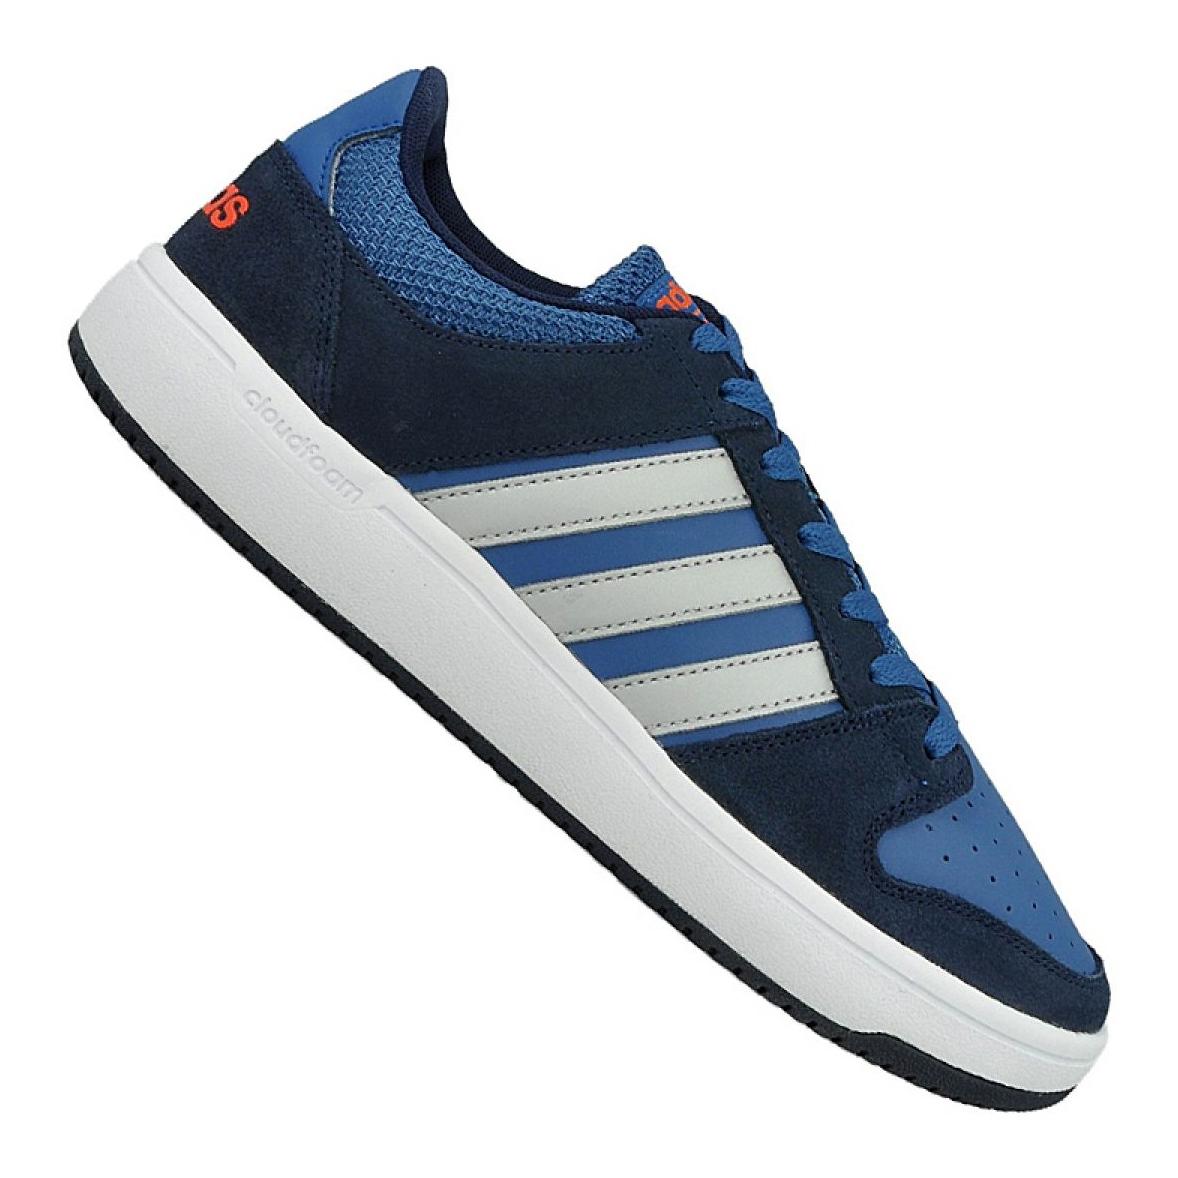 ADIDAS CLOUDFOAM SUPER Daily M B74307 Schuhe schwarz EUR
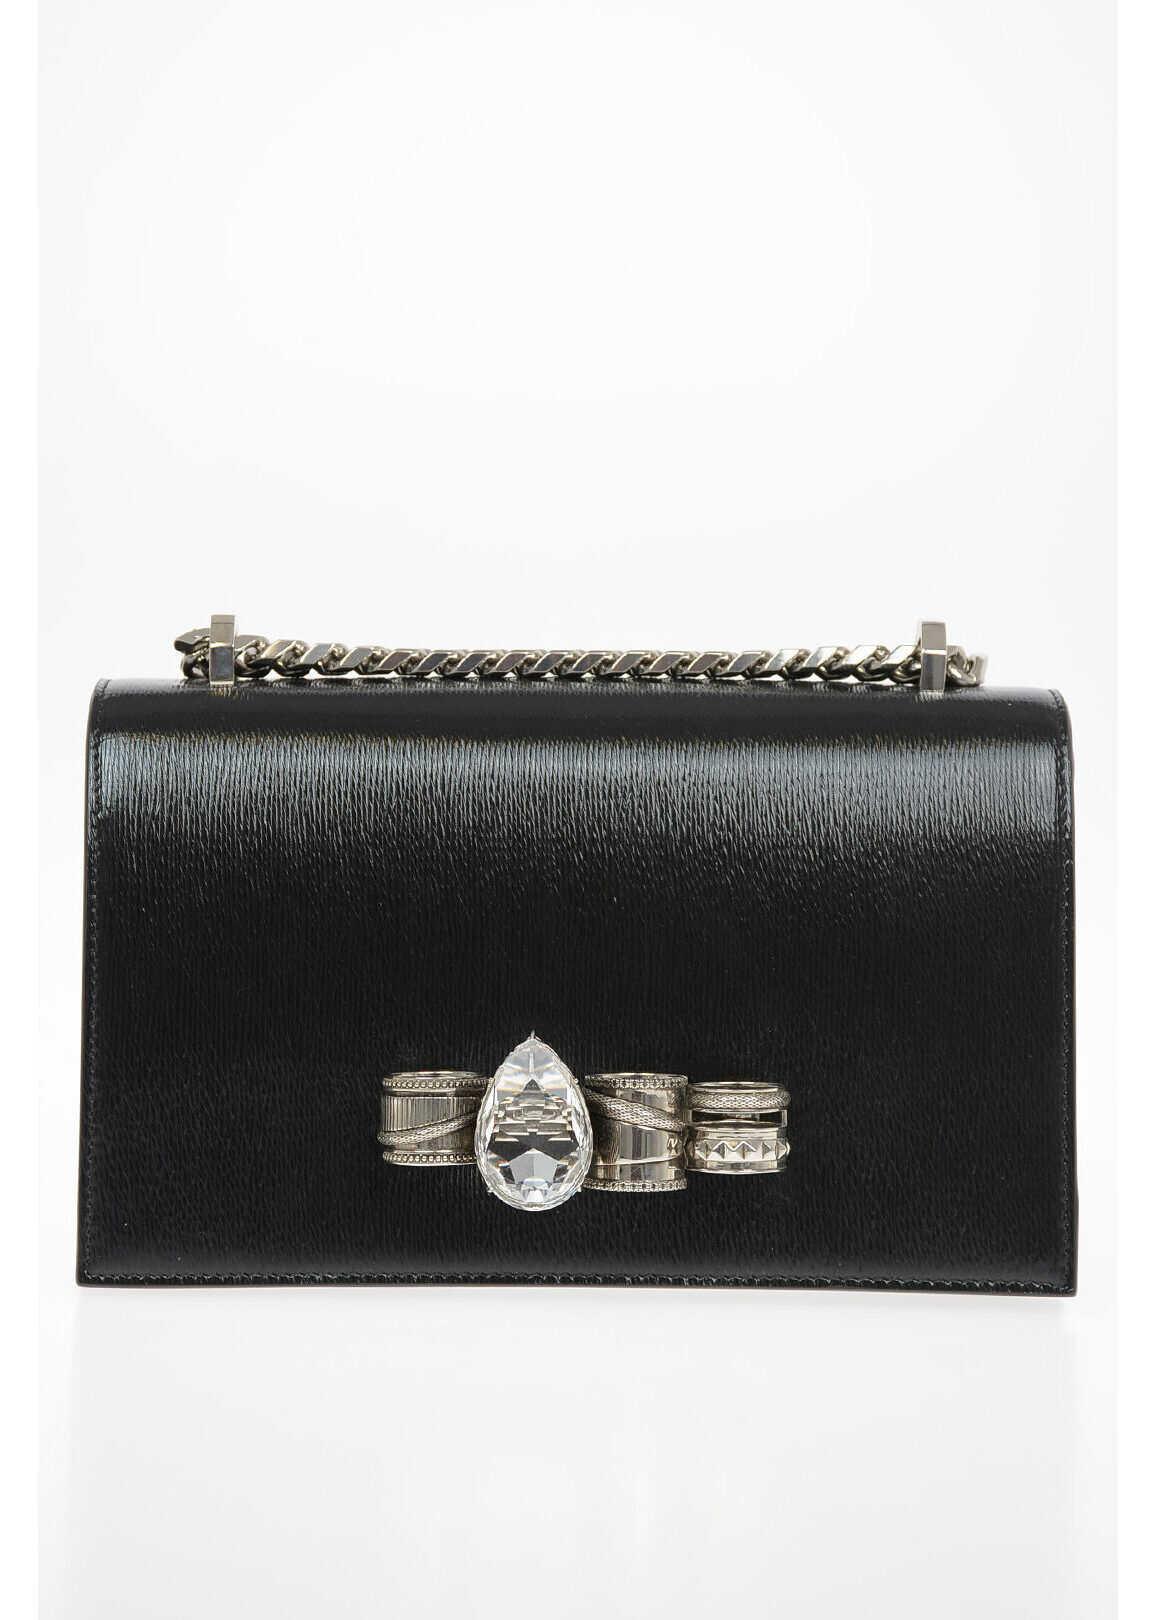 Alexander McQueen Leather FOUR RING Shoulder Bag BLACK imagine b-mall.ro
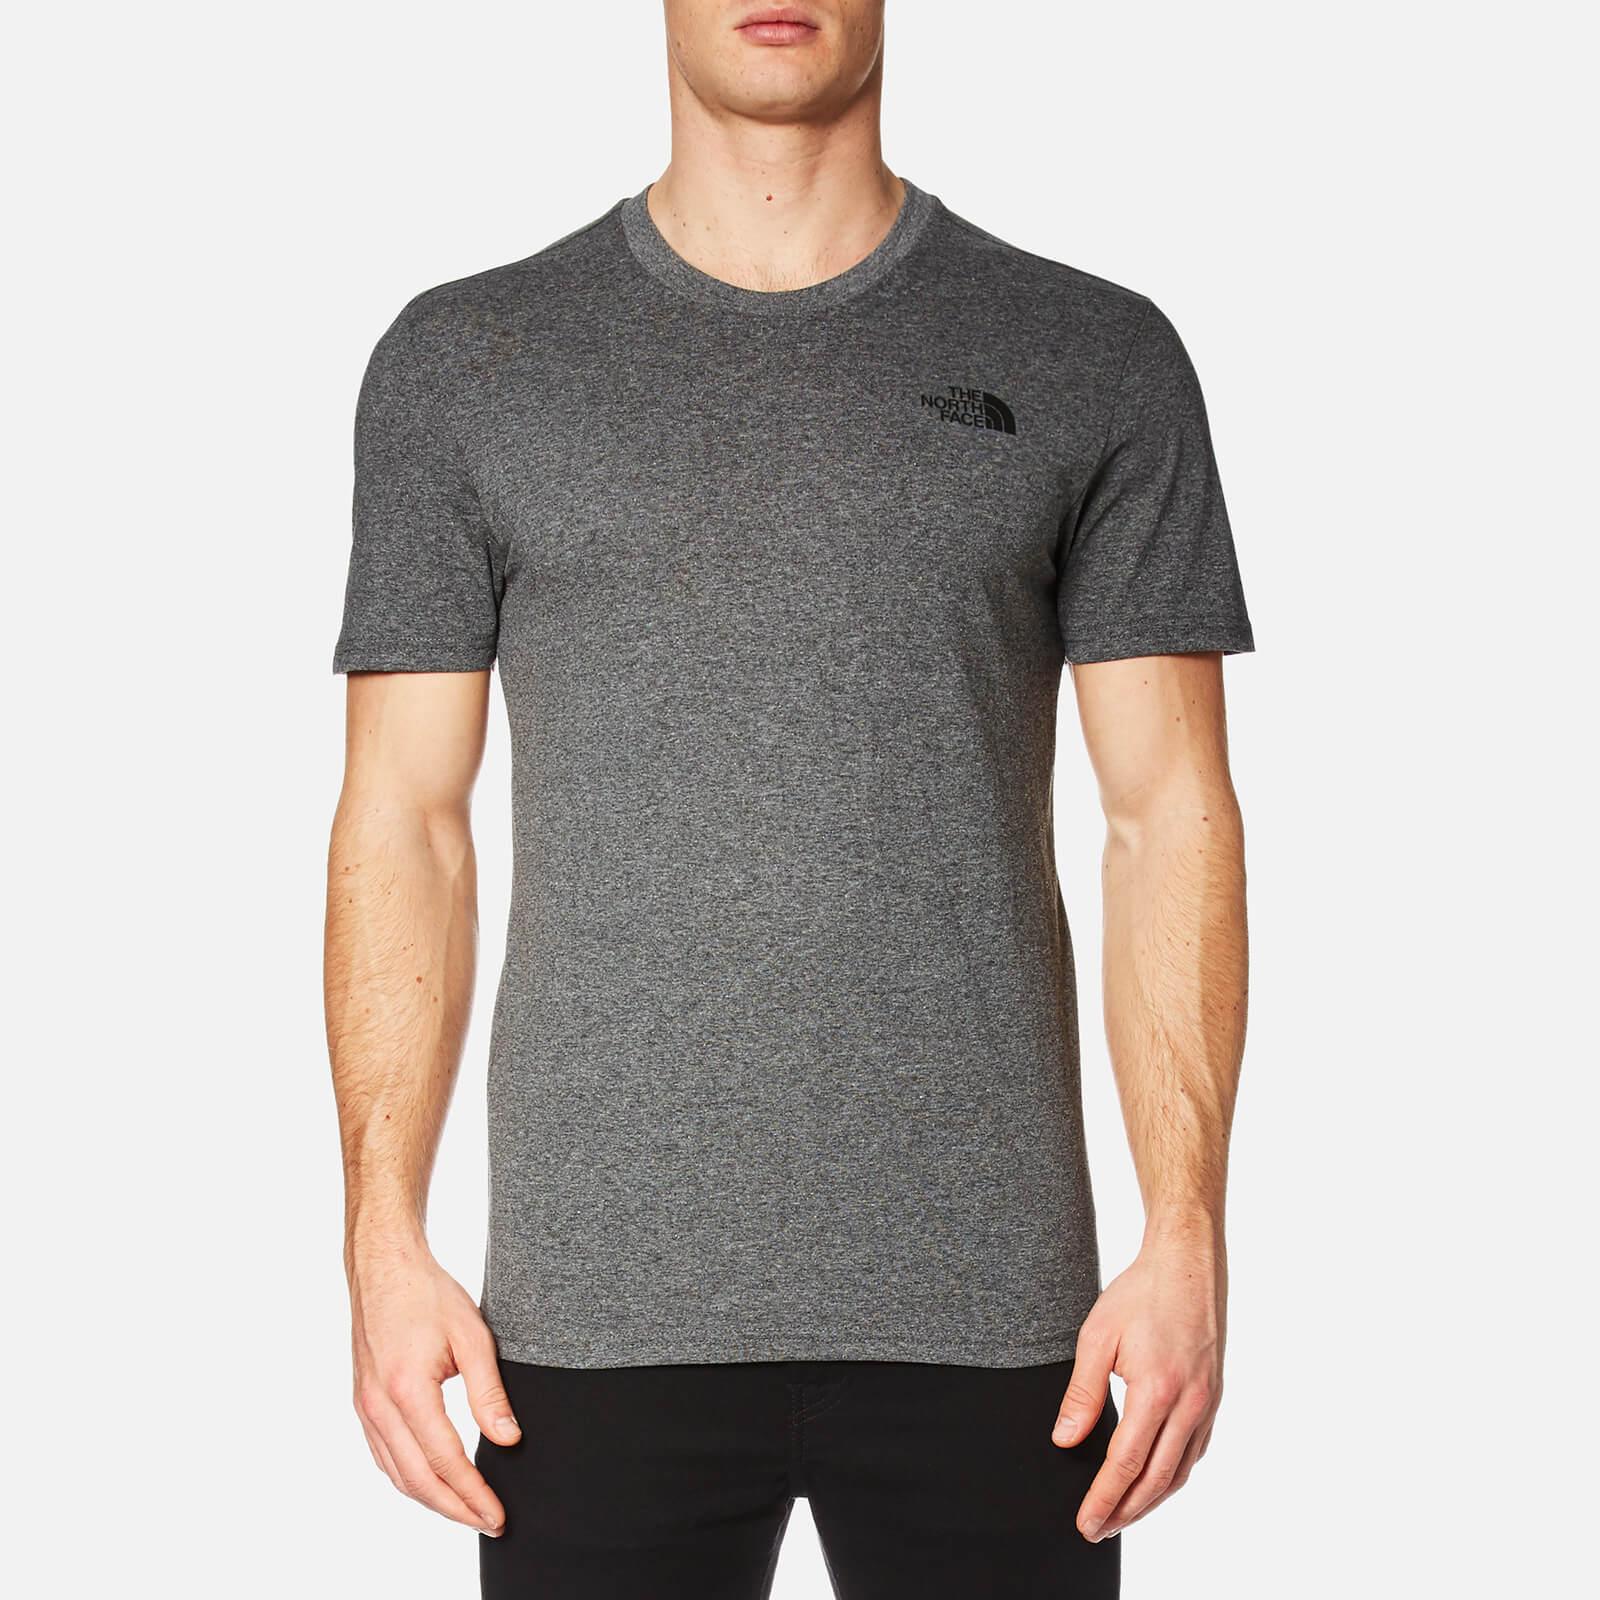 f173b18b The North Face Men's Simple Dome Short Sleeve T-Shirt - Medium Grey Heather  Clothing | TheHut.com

Instructions for the task:
Starting with the line that holds "Alexander McQueen Leather", print each line through the last one of the data exactly as written, but do not include the pictures.

Solution to the exercise:
 Alexander McQueen Leather FOUR RING Shoulder Bag BLACK imagine b-mall.ro
 f173b18b The North Face Men's Simple Dome Short Sleeve T-Shirt - Medium Grey Heather  Clothing | TheHut.com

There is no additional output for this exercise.